どうすれば間違うことなく真っ直ぐあの人にこの想いを伝えられるのか。少し考えて、一つ案が浮かぶ。
 「そうか、手紙」
 手紙ならどうだろうか。言葉を口にするより文字にして伝えるほうがボクは得意だ。それに、慎重に書き連ねれば誤解も生まれないだろう。一方的に渡してしまえばいいだけの話。いいじゃないか、手紙。
 思い立ったボクはベットから起き上がり、机や引き出しを探し一枚の便箋を見つけた。封筒は見つからなかったが、どうせ世界は終わるんだ。そんな小さなこと気にしてたって仕方ない。

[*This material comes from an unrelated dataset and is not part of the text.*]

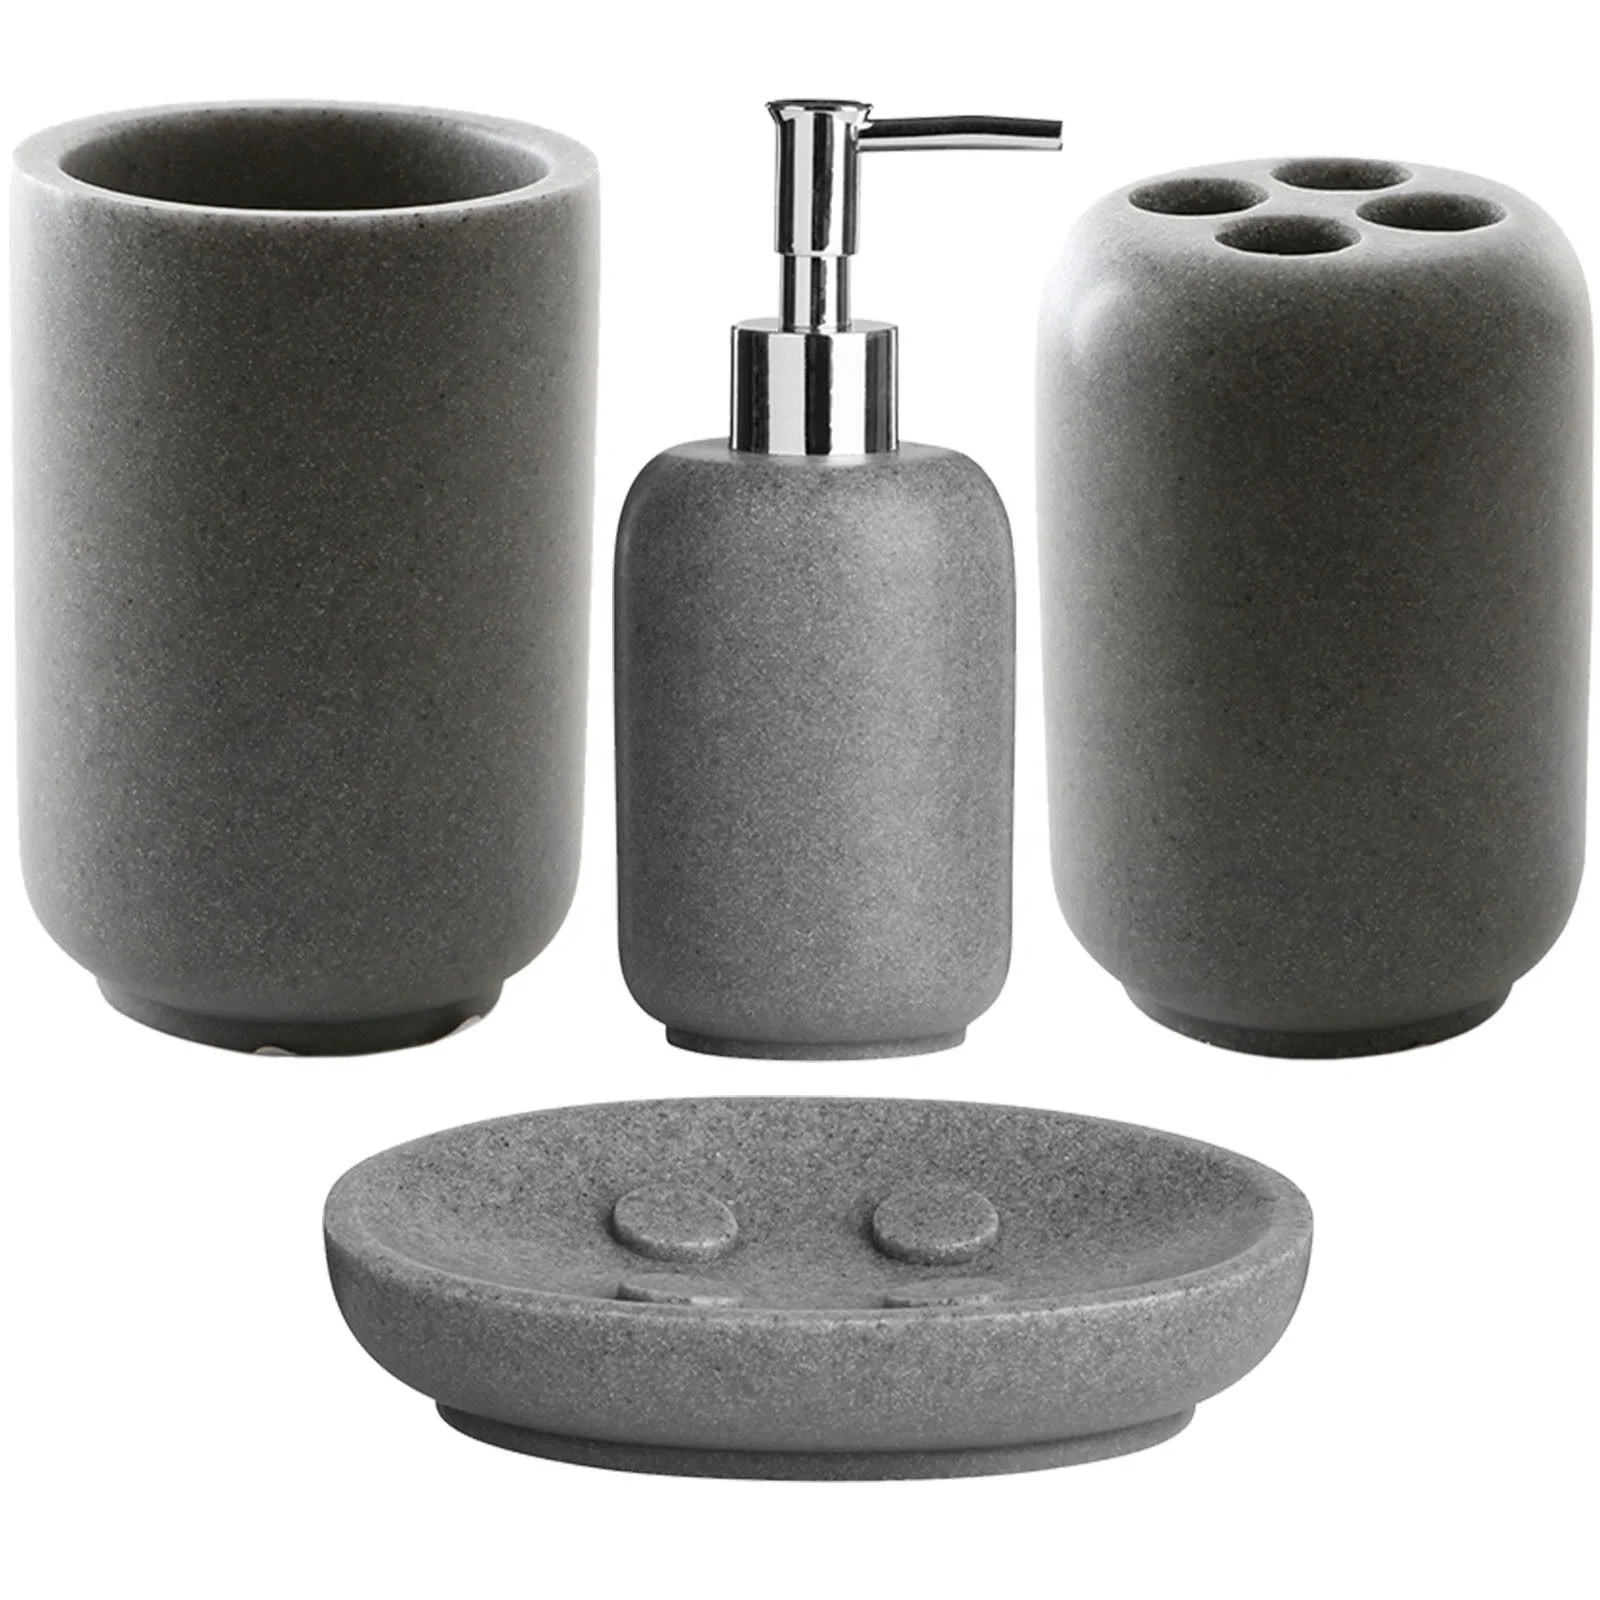 Cheap Grey Sandstone Resin Bath Set Home Accessories Bathroom Soap Sets

 いざ、椅子に座って机の上の便箋と向き合う。ふと、進路調査書が頭をよぎる。
 「違う、もう未来なんてないから。ボクは今のボクとあの日の後悔と向き合う。そしてあの人に、伝える。」
 目を閉じて一度、深呼吸をする。
 『キミへ』
 ペンを握る手が少し震える。息が詰まる。頭の中がどうしたらいいのか分からなくなる。でもそれでも、ボクの中にあるあの人への想いとあの日伝えられなかった後悔を引っ張り出す。もうこれで、最期だから。


 『ボクより』
 と書き終えた頃には、太陽が真上に昇っていた。集中し過ぎた割に書くことに手こずり、一枚の便箋に書いては消してを繰り返し、紙にはシワがついていた。
 今日世界が終わるっていうのに、一体何をしているのだろうか。
 本当は、会いたい人に会うとか行きたい場所に行くとか家族と団欒するとかそういうことが必要なんじゃないのか。でも、ボクにとってはそれはあの人と会うことで、あの人と一緒に世界の終わりを海で迎えることなのだろうか。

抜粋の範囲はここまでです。